Groups of hunters can still be found in Canada, North America, South America, Africa, India, South East Asia, and Australia.



Spreading the Risk

The point of this arrangement is that it spreads risk over a wide area. If a person has had an unproductive day foraging, he knows he can rely on his hxaro partner for food. If there is a general shortage of food within a group, they will turn to hxaro partners in other groups for support. If the problem is even more widespread, they will disperse to their most distant hxaro partners’ lands, and will stay until the localised crisis has passed. This could be for up to two years, so great is the generosity and hospitality extended to hxaro partners. There is such generosity because in their society to look after others is to look after yourself - if others are happy they are happy too.

Hunter-gatherers know that they live off finite resources. They must never take more from one place in a year than can be replaced naturally in the next.  This means that no one is allowed to acquire too much of anything – food, possessions, power, as this may upset the balance, not only of the group, but also of the environment. If too much is gathered, not enough may be left to enable natural replacement.  So hunter-gatherers have to live not only in harmony with themselves but also with their surroundings.

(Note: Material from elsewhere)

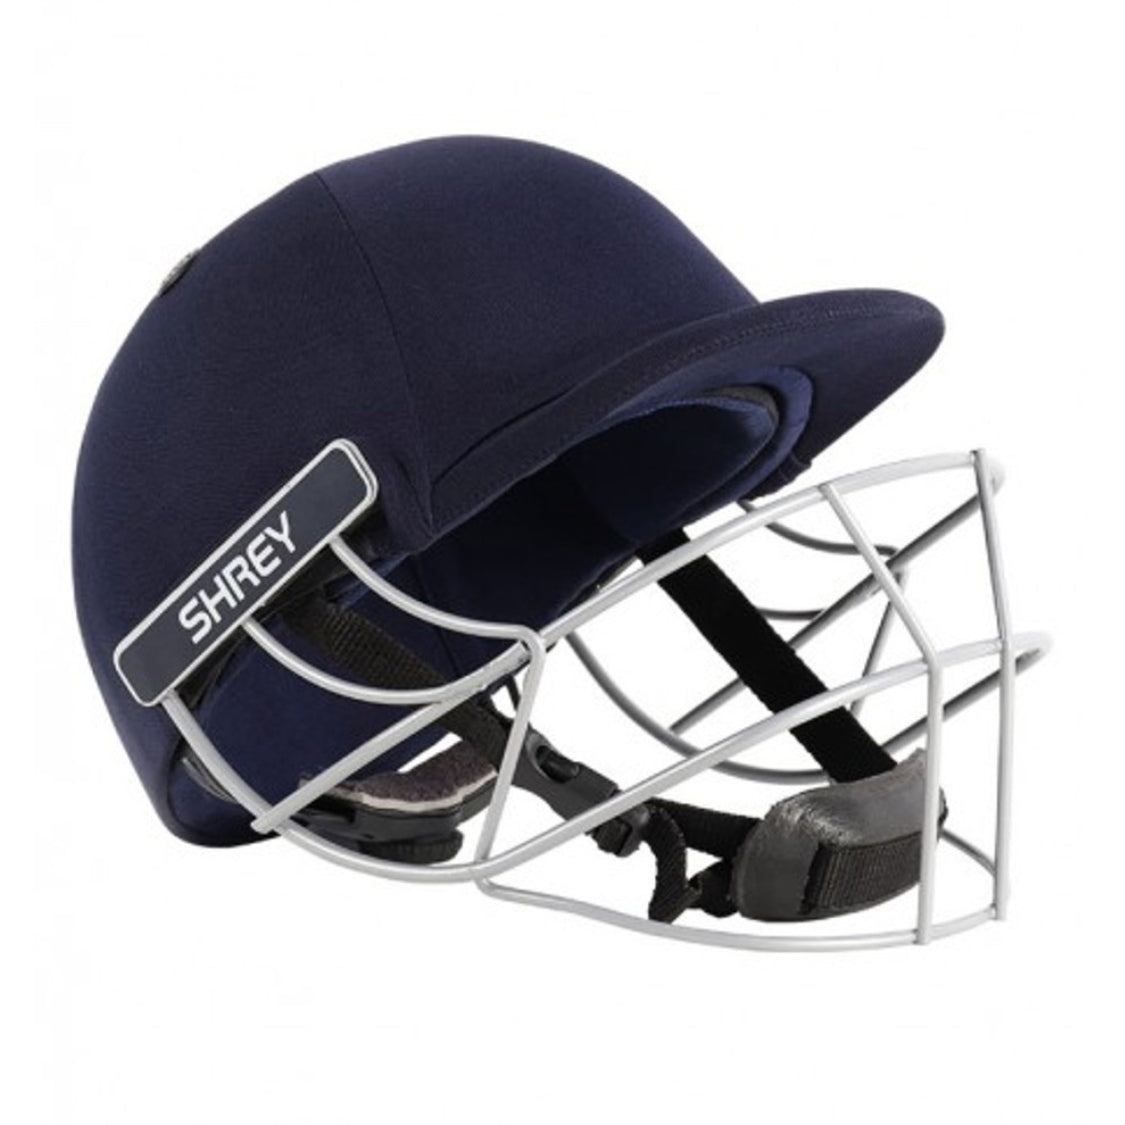 Shrey Cricket Batting Helmet, Model Classic

In our modern society, there is a lot we could learn from hunting people. They could teach us how to take from the land without ruining it for the future. They could teach us to live more harmoniously with one another.   We modern humans have to have more of a sense of conserving our resources for the years to come, rather than taking all we can as quickly as possible.  We need to take less from the planet, we need to find a way of not needing as much stuff.

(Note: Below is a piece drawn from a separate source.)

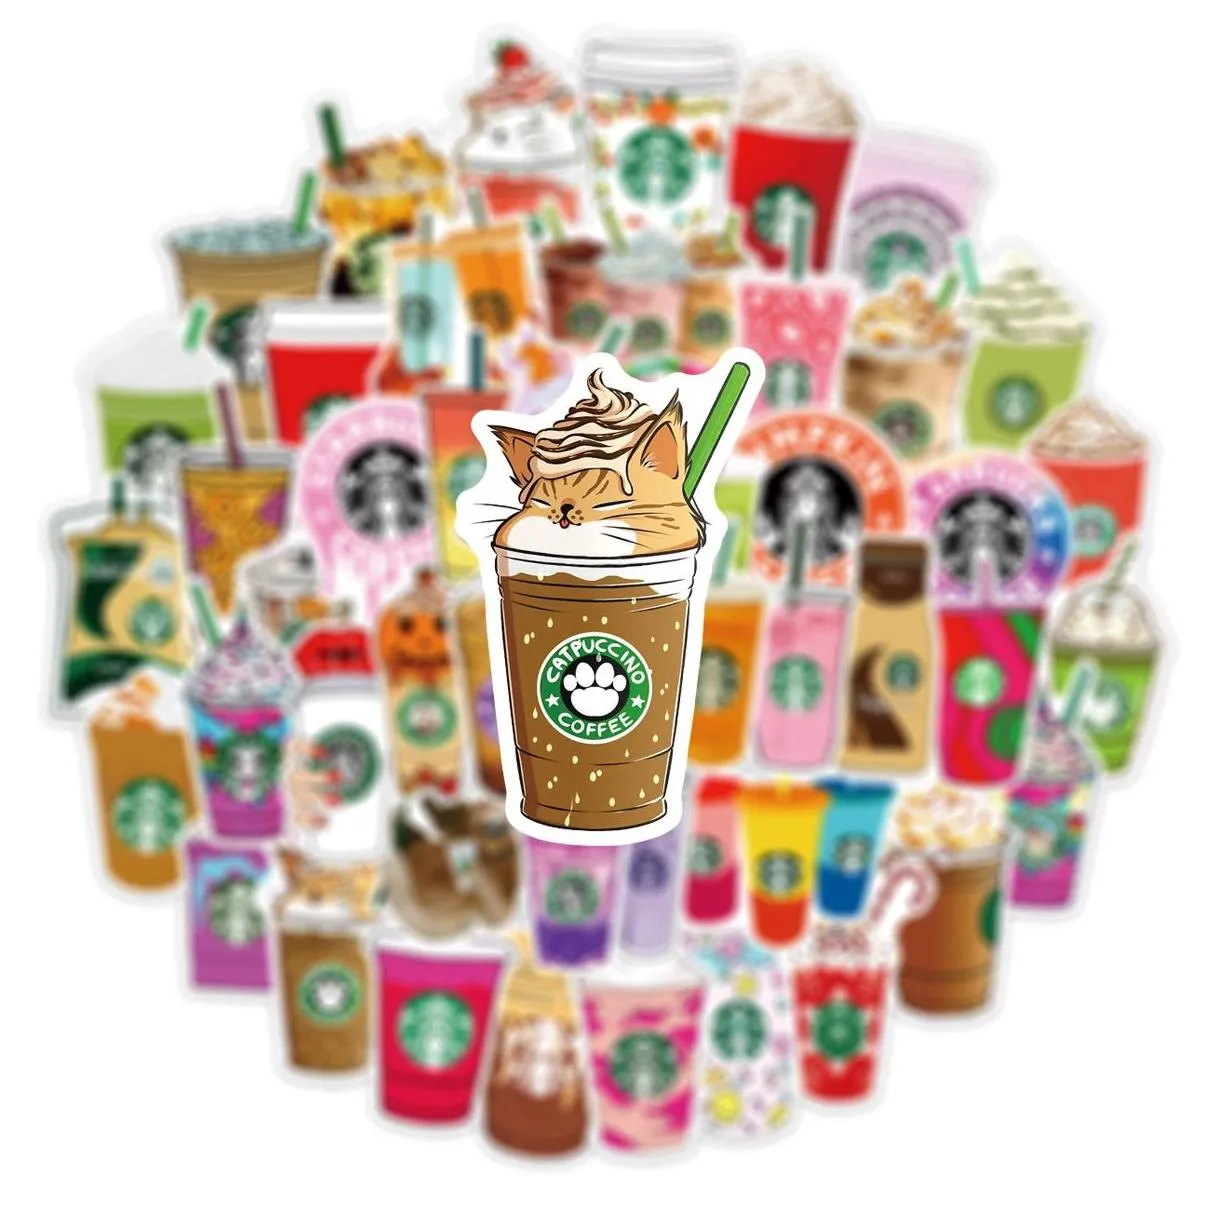 54 starbucks coffee milk tea mugs graffiti stickers laptop luggage car stickers

That's not to say that everything we do is bad.  In some hunter-gatherer groups, young people are leaving their clans to go to college and university. There, most learn about either medicine or law. But after this, many return to their homelands to act as doctors, nurses and legal advisors for their own people. They are learning how to adapt to living alongside modern society, about how they can take care of their own people and how they can use our systems - laws, for example - to protect their way of life for generations to come.